Trump administration officials shook health insurers, and health care providers, late Thursday by announcing they will cut off Affordable Care Act cost-sharing reduction (CSR) subsidy program payments.
The $7 billion cost-sharing reduction subsidy program is helping 7 million ACA exchange plan users with income from 100% to 250% of the federal poverty level handle health plan deductibles, co-payments and coinsurance amounts for silver-level coverage. The money goes straight to the health insurers. The next payment, to insurers, was due next week.
Eric Hargan, the new acting secretary of the U.S. Department of Health and Human Services, and Seema Verma, the administrator of the Centers for Medicare and Medicaid Services, said in a memo that their legal advisors believe the government lacks a valid congressional appropriation to make program payments.
"In light of that opinion — and the absence of any other appropriation that could be used to fund CSR payments — CSR payments to issuers must stop immediately," Verma and Hargan said in the memo. "CSR payments are prohibited unless and until a valid appropriation exists."
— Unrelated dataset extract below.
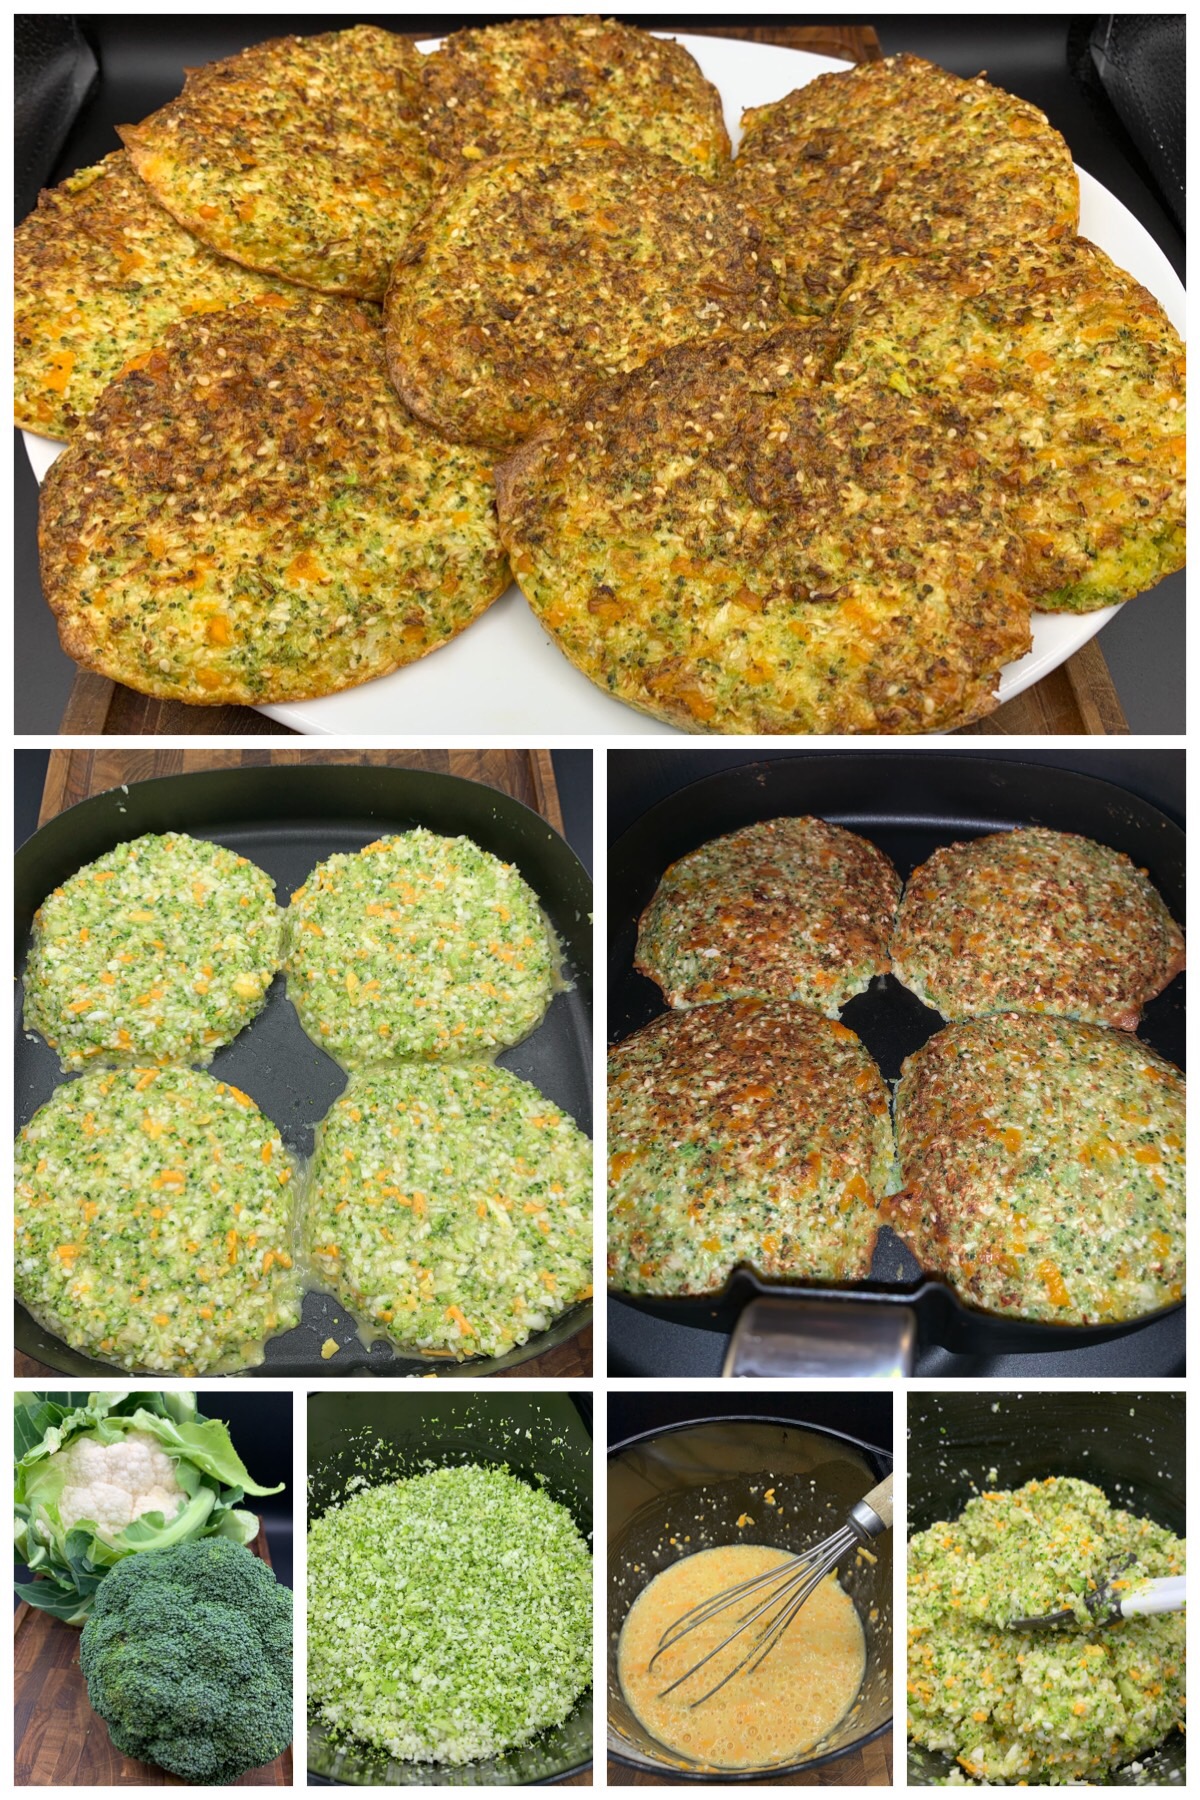 Grøntsagsbrød af broccoli og blomkål

Here's a look at three things agents, brokers and other financial professionals need to know about the CSR program, and about the possible effects of a mid-year termination of CSR payments.
1. Milliman analysts put out a great analysis of the cost-sharing reduction subsidy program in March.
The Obama administration tended to skimp on offering details about the operations of the CSR program.
About 58% of current Affordable Care Act exchange plan enrollees are using the subsidies to reduce their out-of-pocket health care costs, according to figures the government has published.
Analysts at Milliman, an actuarial consulting firm, provided some other CSR program details in March, by publishing a report on Affordable Care Act subsidy programs that includes data on how the CSR program and other subsidy programs worked in 2014 and 2015, and probably worked in 2016.
The biggest Affordable Care Act subsidy program is the advance premium tax credit program. That program helps exchange plan users with income from 100% to 400% of the federal poverty level pay their premiums.
Acting HHS Secretary Eric Hargan (Photo: HHS)
In the Milliman report, the analysts estimate that the premium subsidy accounted for about $5.7 billion, or 7%, of health coverage issuers' $80 billion in 2016 individual major medical coverage revenue.
Analysts at Oliver Wyman recently estimated that insurers will collect about $88 billion in individual major medical premium revenue this year. Insurers may have been expecting to get a total of about $6 billion to $7 billion in CSR payments from the federal government for 2017, or about $500 million in payments per month.
The CSR program has been paying exchange plan issuers an average of about $1,000 per month per enrollee eligible for the subsidy.
2. The friends and foes of the Affordable Care Act have been fighting over the legality of the cost-sharing reduction subsidy payments for years.
Insurers have known about Republicans' concerns about the legality of the cost-sharing reduction payment stream for years.
Democrats held so many seats in the House and the Senate when they worked on the Affordable Care Act that they were able to pass it with no Republican support.
Once they lost their "super majority" in the Senate, they were unable to win enough Republican support to pass any additional Affordable Care Act bills, aside from a few measures that happened to have strong Republican support.